## [What the task requires]
In the data below, set down exactly the lines from the one containing "Karyn Jacket in Black Wool Blend Suiting" up to and including the one containing "Single kontinuierlich Linie". Leave the pictures out.

## [Task data]

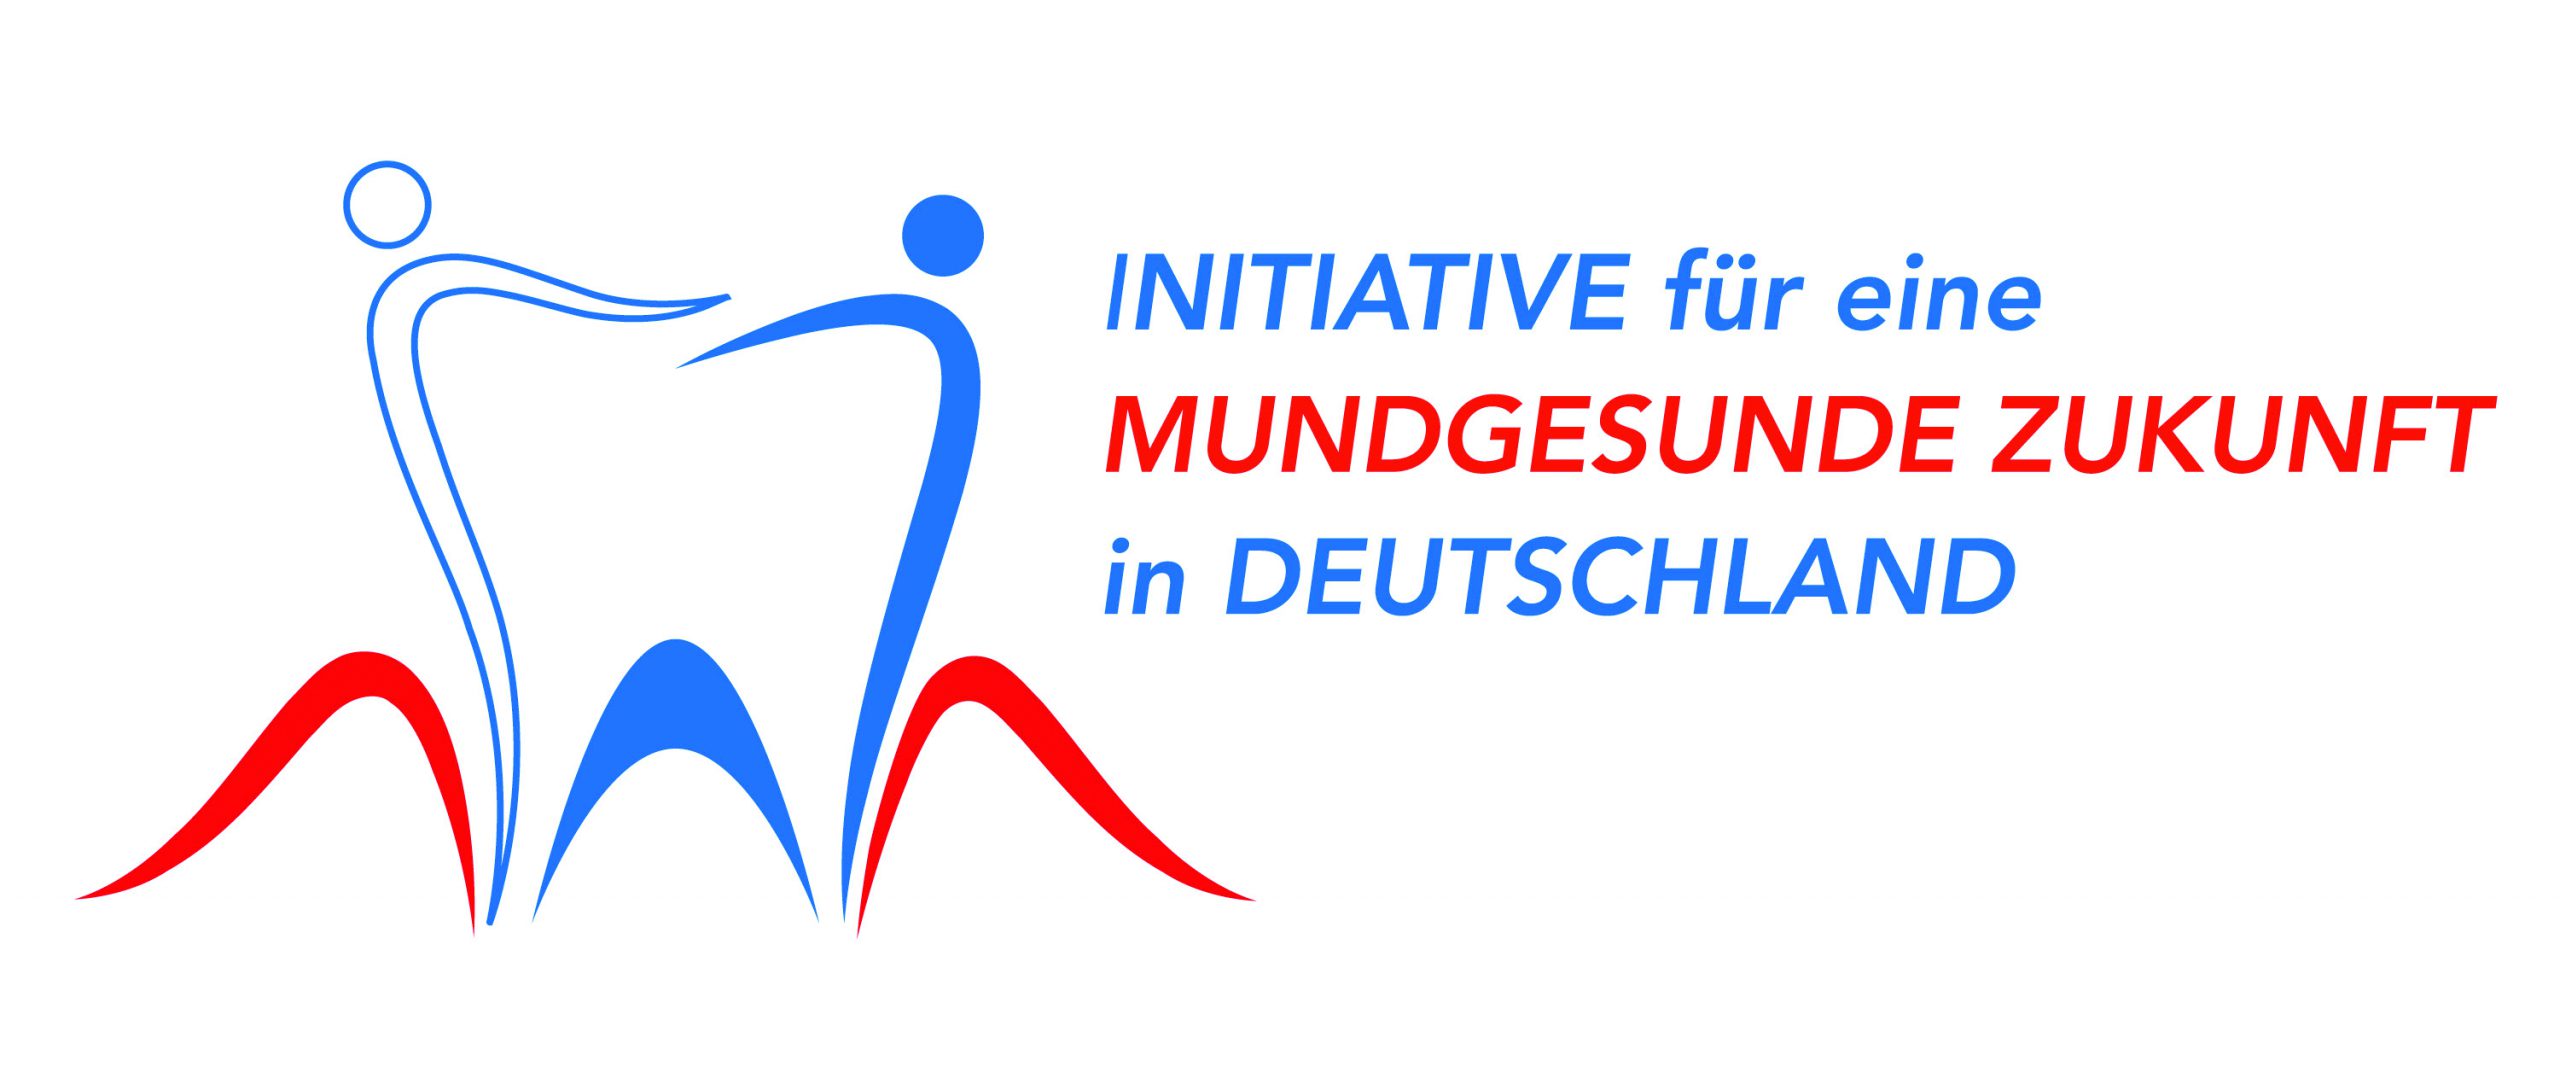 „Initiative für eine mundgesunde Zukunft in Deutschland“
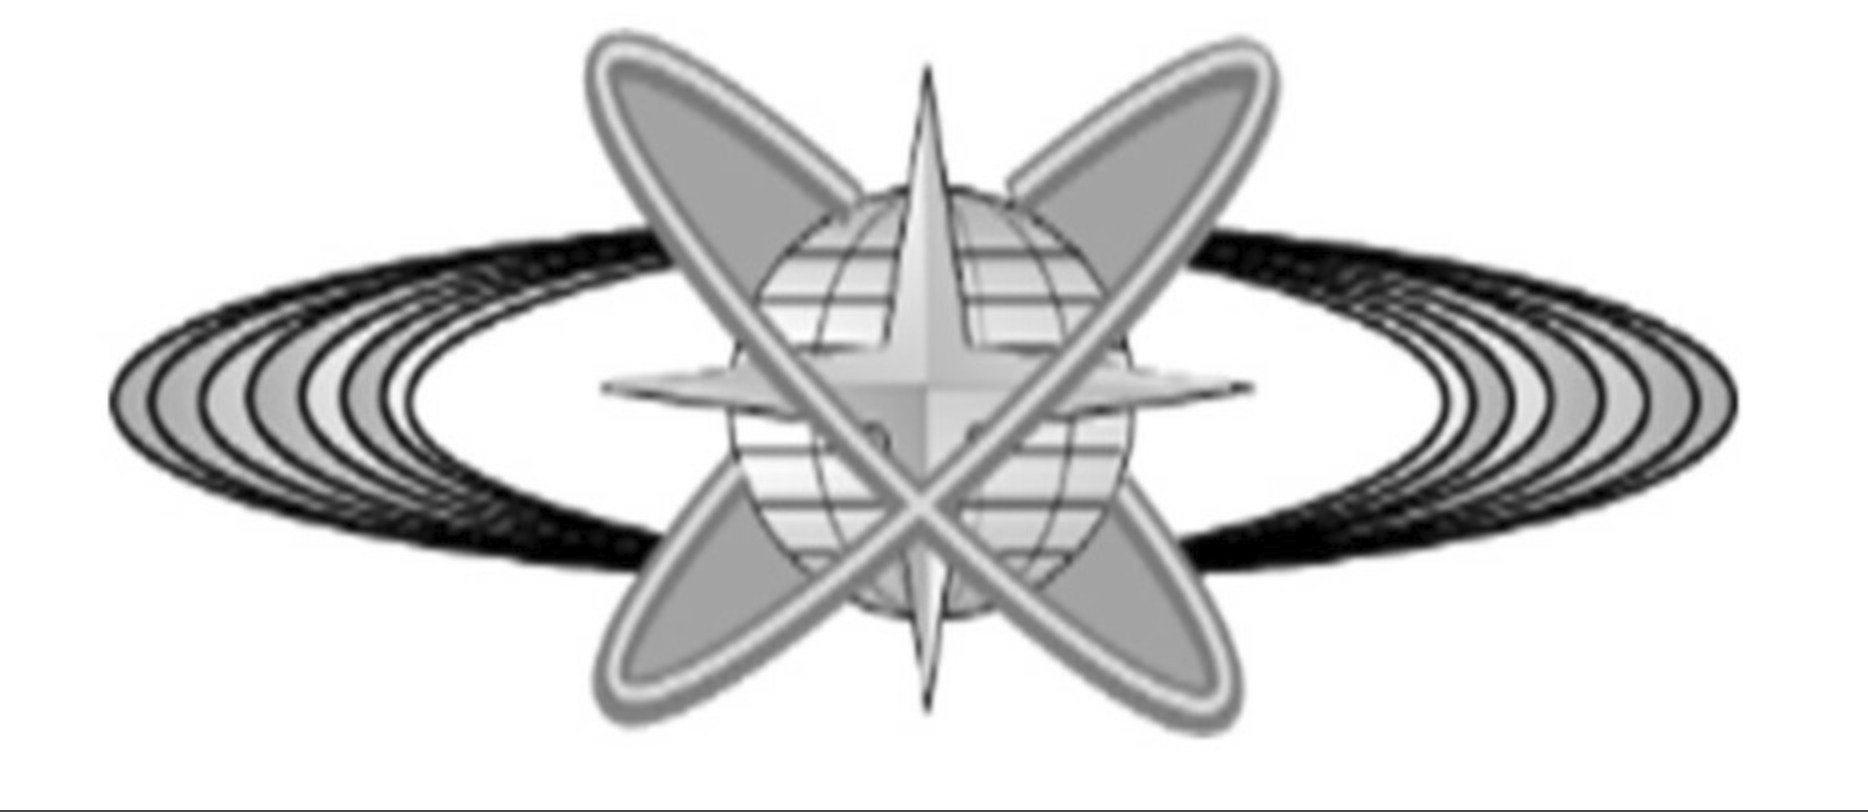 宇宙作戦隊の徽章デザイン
---
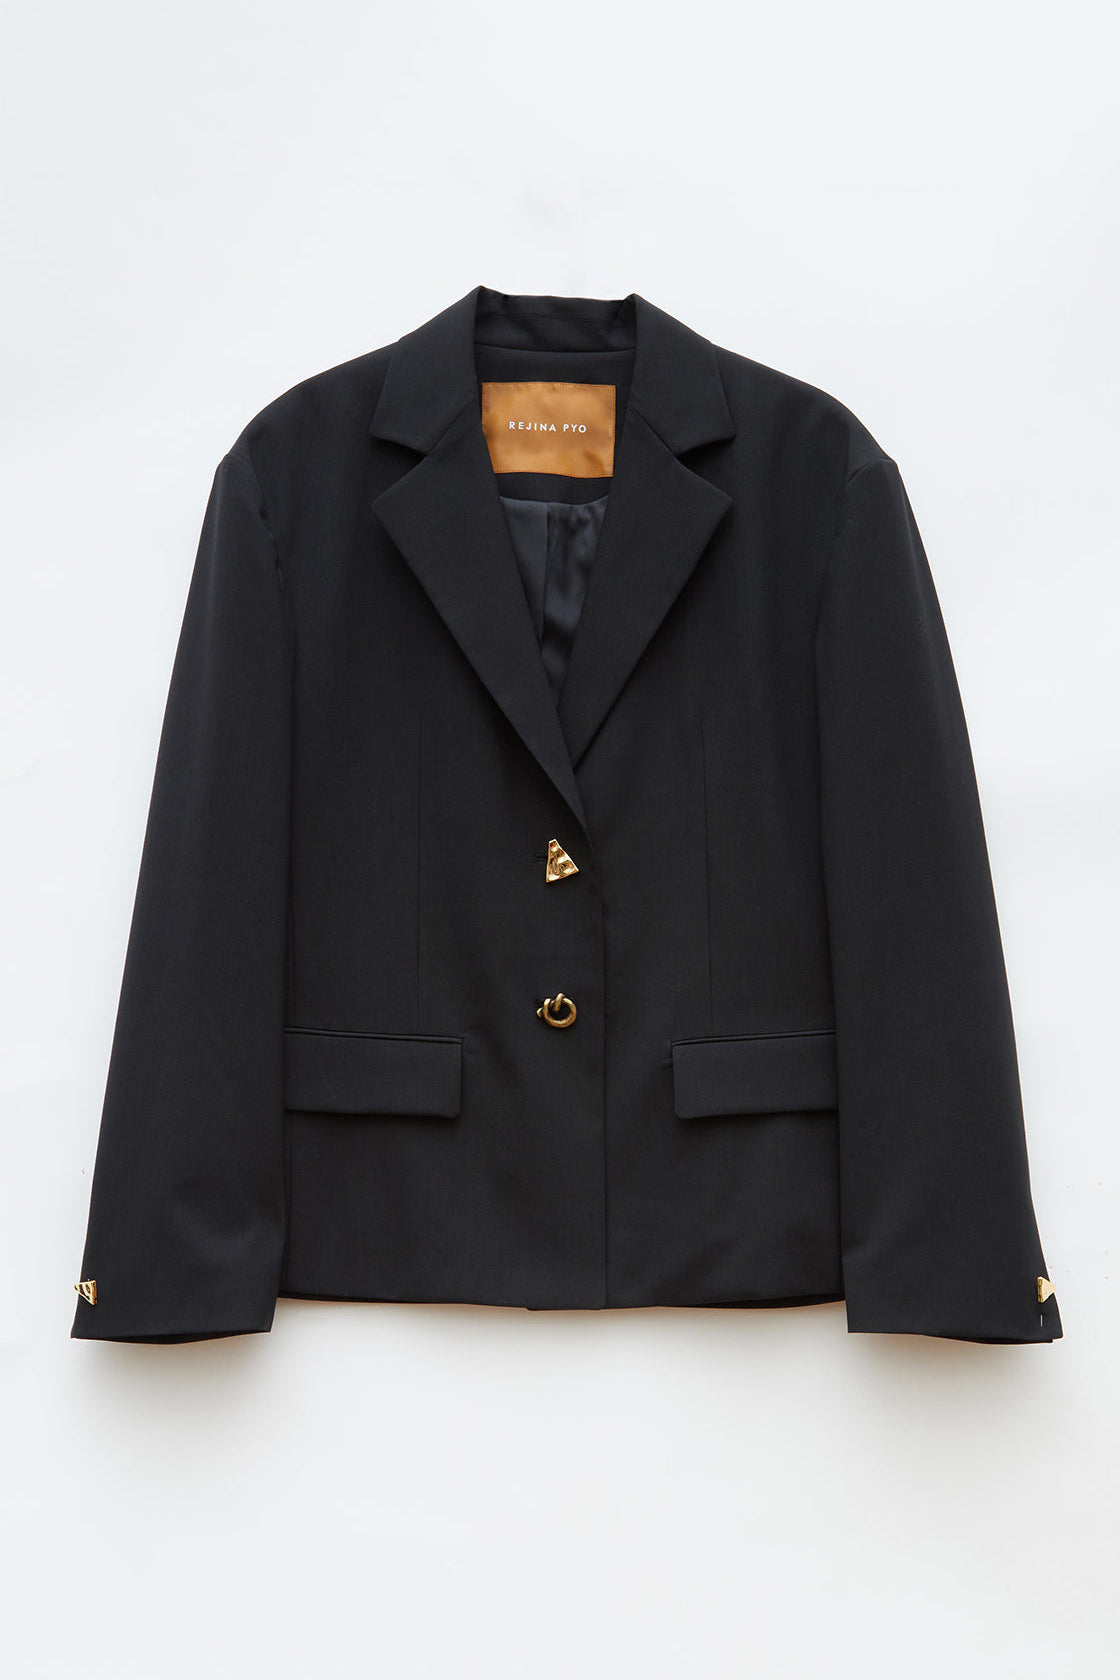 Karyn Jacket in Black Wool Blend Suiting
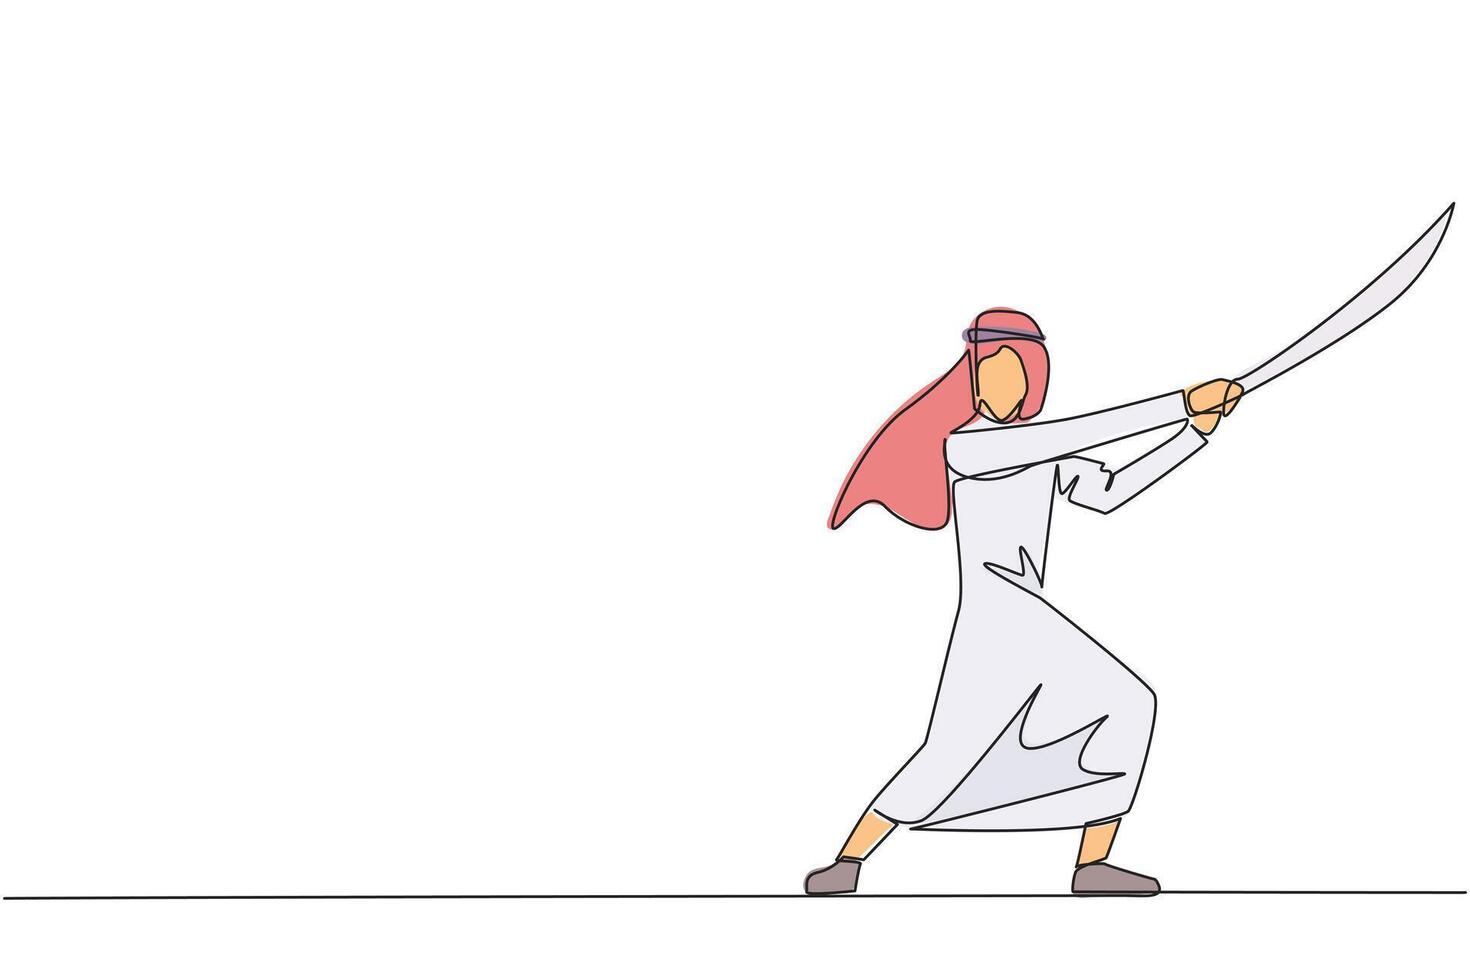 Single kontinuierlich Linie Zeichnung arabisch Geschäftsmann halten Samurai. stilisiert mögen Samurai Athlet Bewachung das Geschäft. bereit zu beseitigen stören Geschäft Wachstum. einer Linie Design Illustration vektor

## [Response to the exercise]
 Karyn Jacket in Black Wool Blend Suiting
 Single kontinuierlich Linie Zeichnung arabisch Geschäftsmann halten Samurai. stilisiert mögen Samurai Athlet Bewachung das Geschäft. bereit zu beseitigen stören Geschäft Wachstum. einer Linie Design Illustration vektor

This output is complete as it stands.